--- START ---

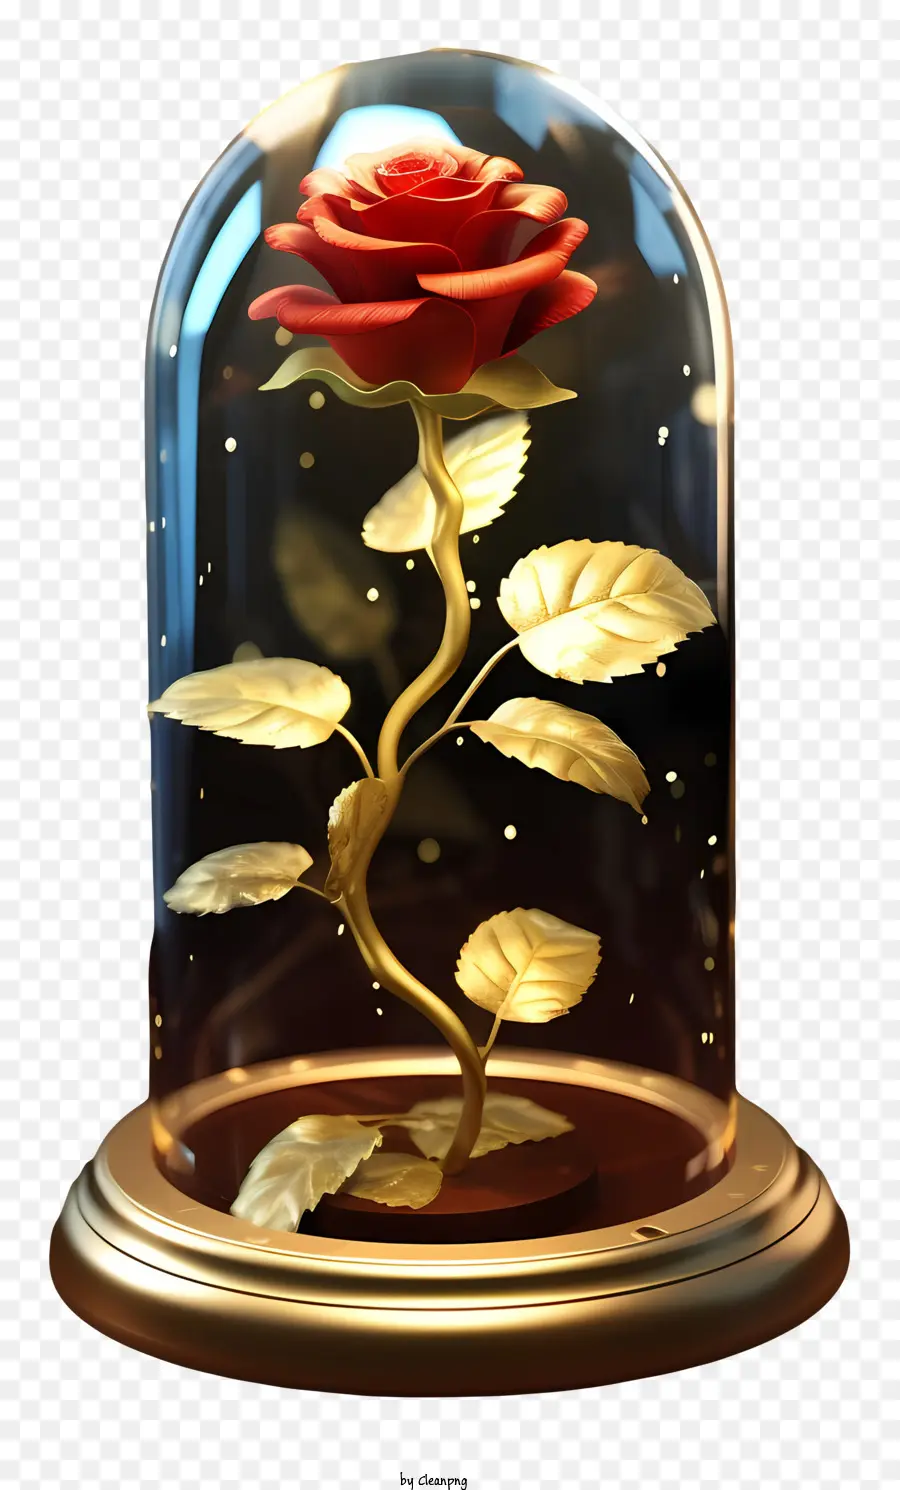 rote rose - Rote Rose in Glaskuppel mit goldenem Glühen
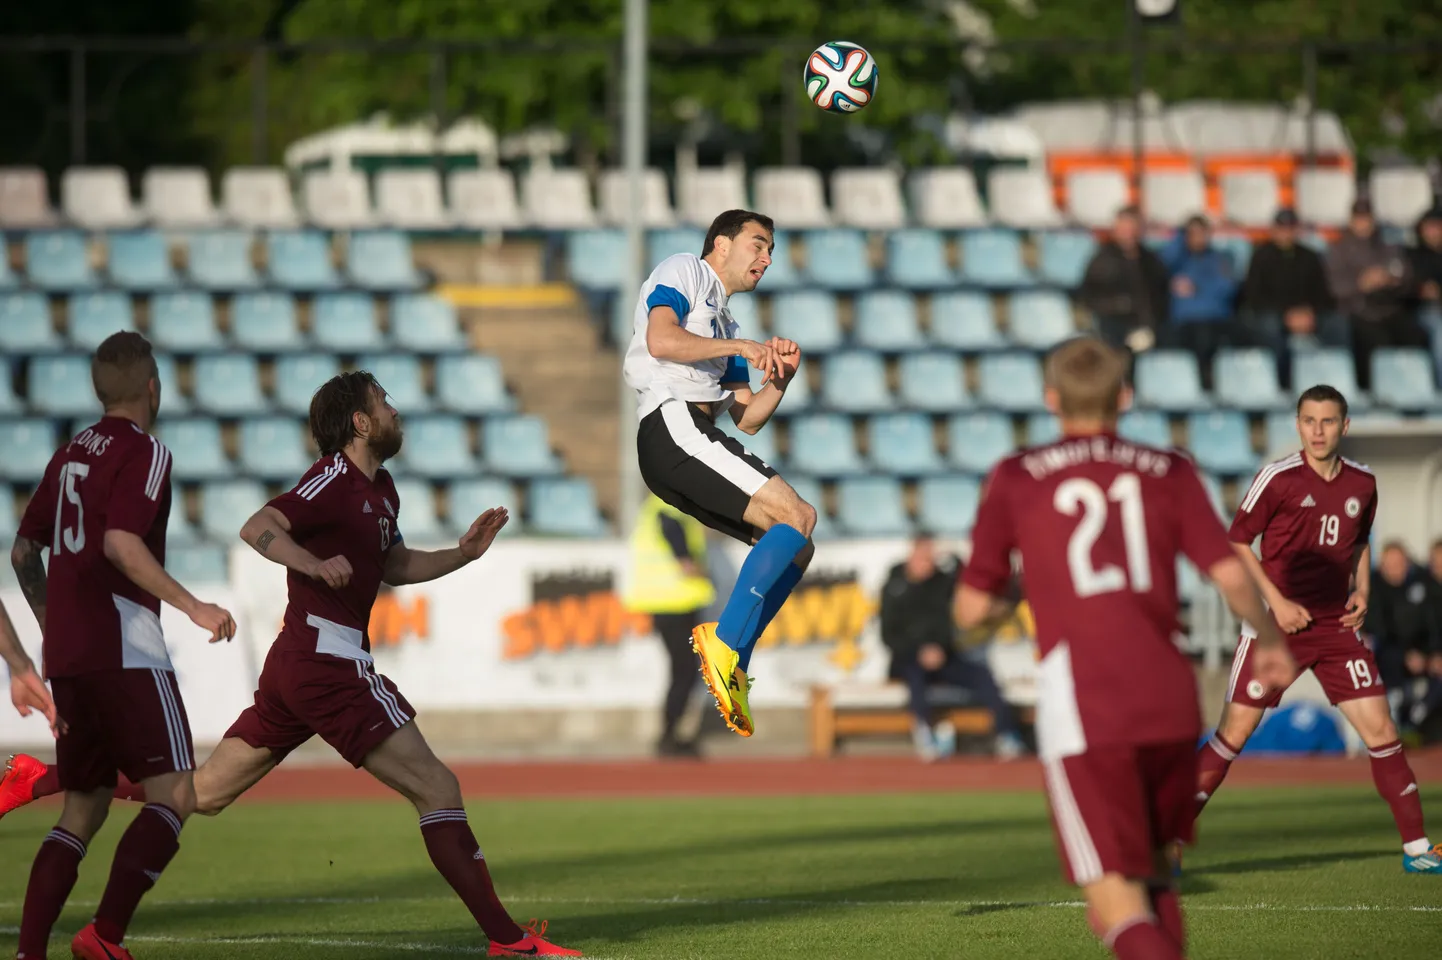 Eesti jalgpallikoondis pidi Balti turniiri poolfinaalis tunnistama peanltiseeria järel Läti 4:2 paremust.
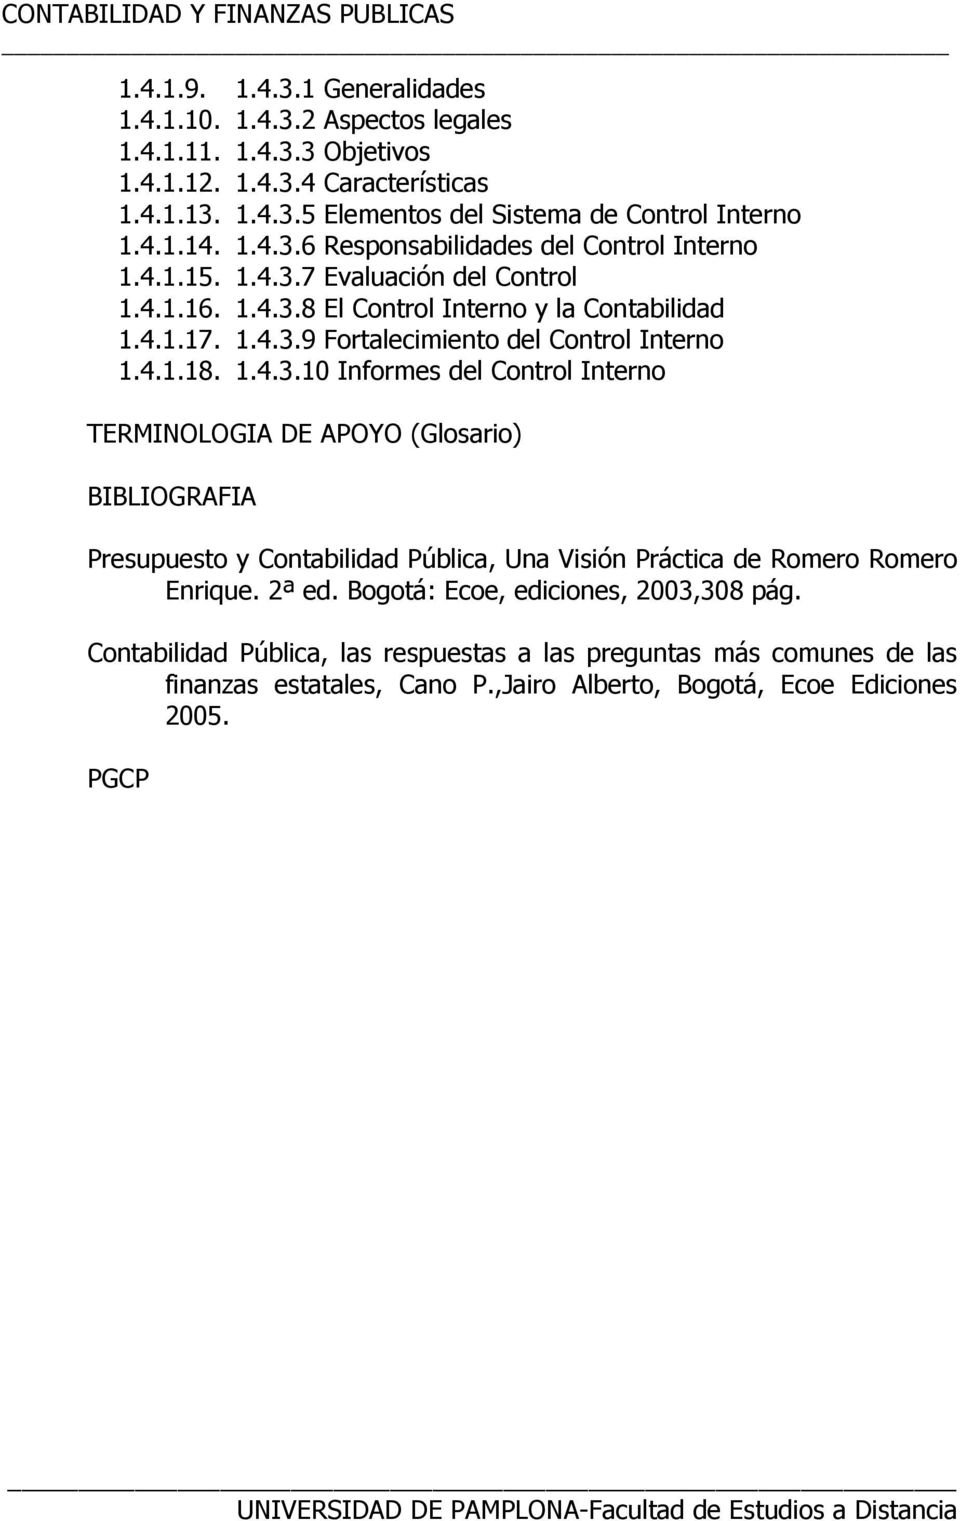 2ª ed. Bogotá: Ecoe, ediciones, 2003,308 pág. Contabilidad Pública, las respuestas a las preguntas más comunes de las finanzas estatales, Cano P.,Jairo Alberto, Bogotá, Ecoe Ediciones 2005.
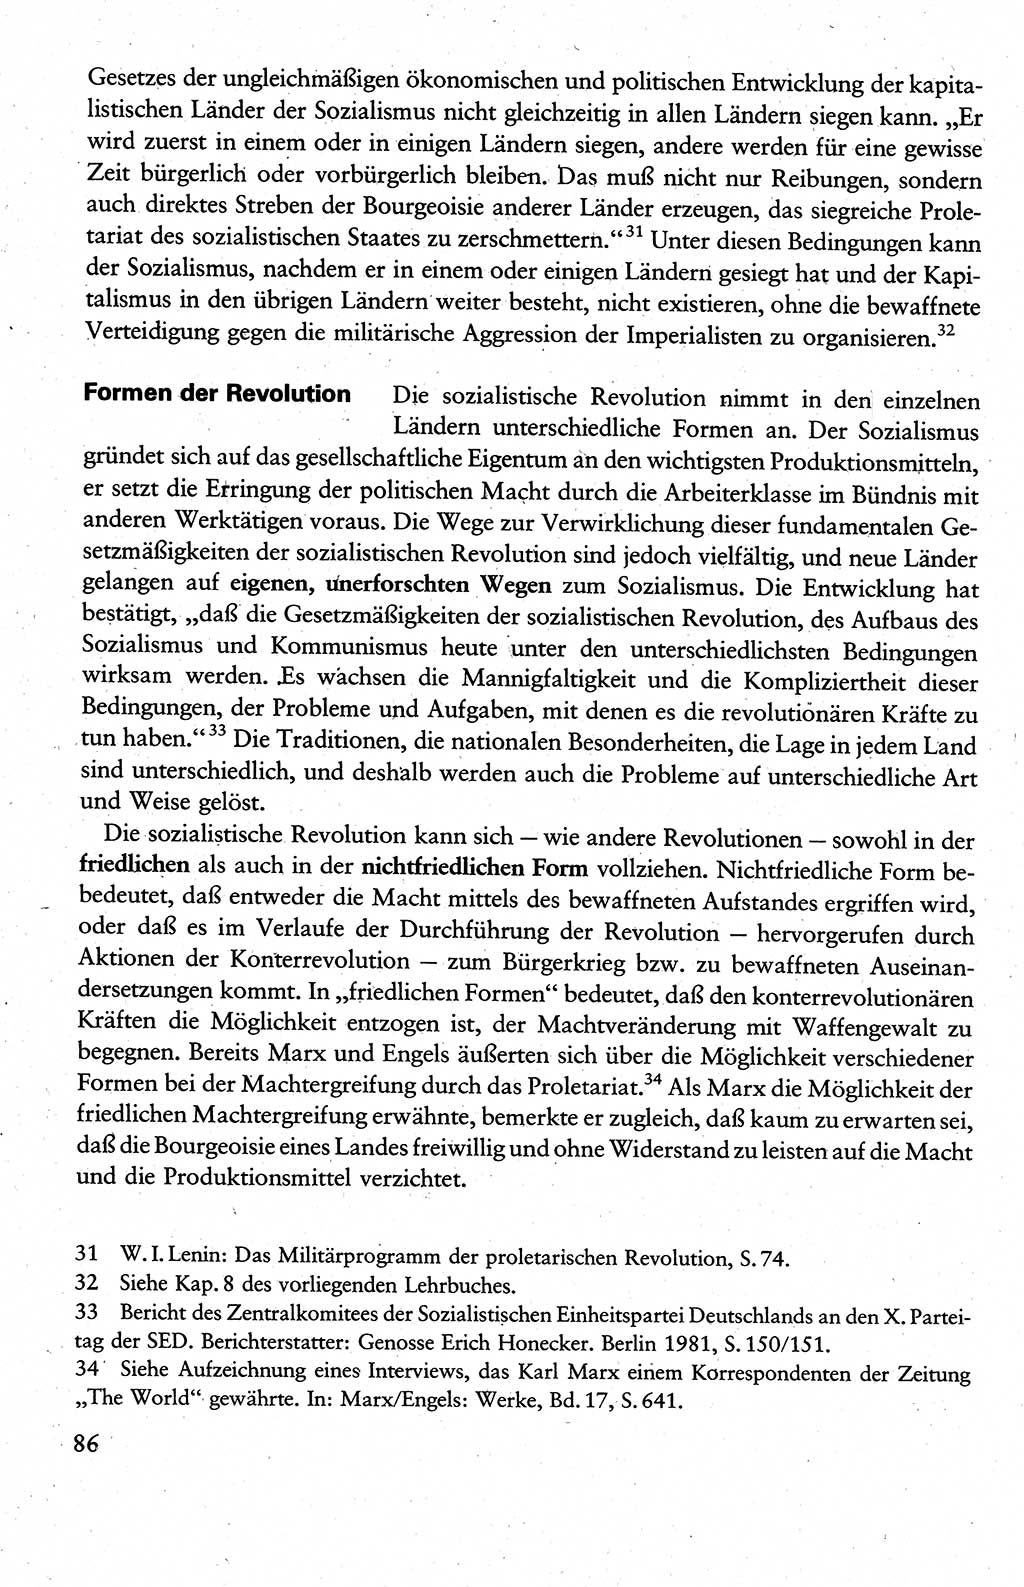 Wissenschaftlicher Kommunismus [Deutsche Demokratische Republik (DDR)], Lehrbuch für das marxistisch-leninistische Grundlagenstudium 1983, Seite 86 (Wiss. Komm. DDR Lb. 1983, S. 86)
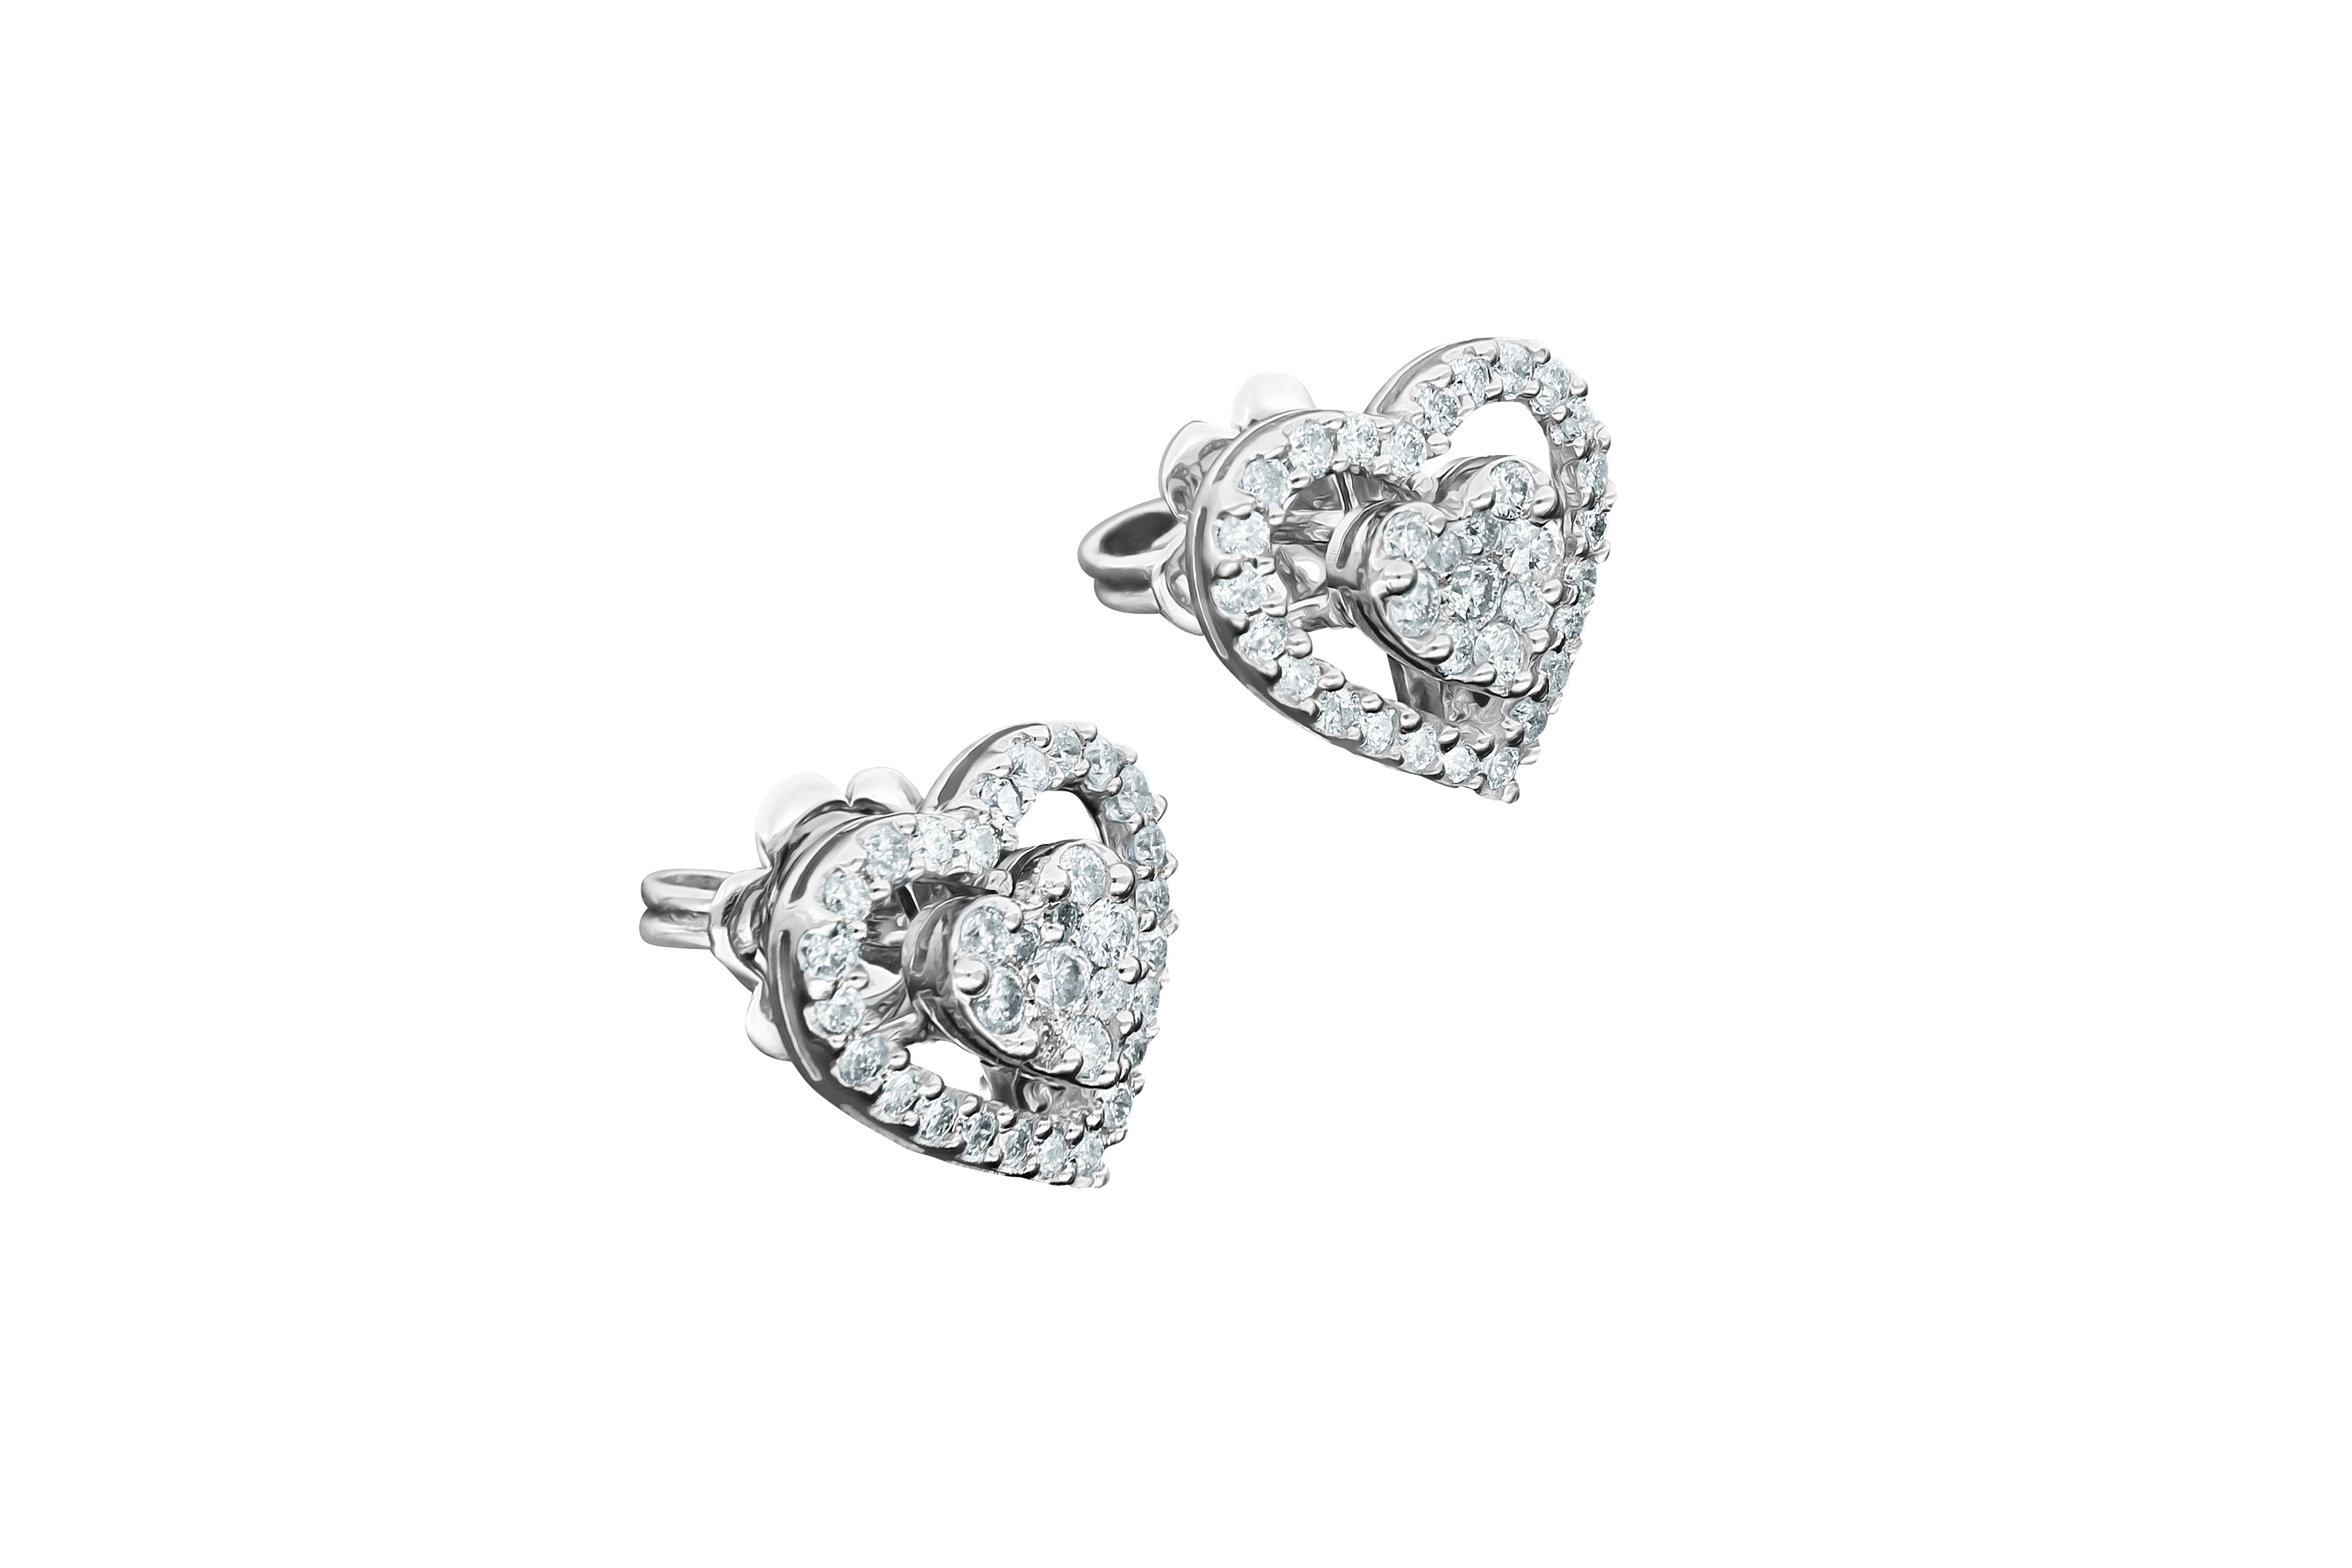  Boucle d'oreille Amwaj en or blanc 18 carats avec des diamants, élégante et romantique. Pour un look qui incarne l'amour, ces boucles d'oreilles en diamant de forme ronde présentent chacune une forme de cœur symbolique entourée d'un halo de

--- END ---

> EXERCISE BRIEF: Your task is to retype the records above in full and exactly, omitting the pictures.

> ANSWER AREA:
 rote rose - Rote Rose in Glaskuppel mit goldenem Glühen
 Eesti jalgpallikoondis pidi Balti turniiri poolfinaalis tunnistama peanltiseeria järel Läti 4:2 paremust.
 2ª ed. Bogotá: Ecoe, ediciones, 2003,308 pág. Contabilidad Pública, las respuestas a las preguntas más comunes de las finanzas estatales, Cano P.,Jairo Alberto, Bogotá, Ecoe Ediciones 2005.
 Wissenschaftlicher Kommunismus [Deutsche Demokratische Republik (DDR)], Lehrbuch für das marxistisch-leninistische Grundlagenstudium 1983, Seite 86 (Wiss. Komm. DDR Lb. 1983, S. 86)
  Boucle d'oreille Amwaj en or blanc 18 carats avec des diamants, élégante et romantique. Pour un look qui incarne l'amour, ces boucles d'oreilles en diamant de forme ronde présentent chacune une forme de cœur symbolique entourée d'un halo de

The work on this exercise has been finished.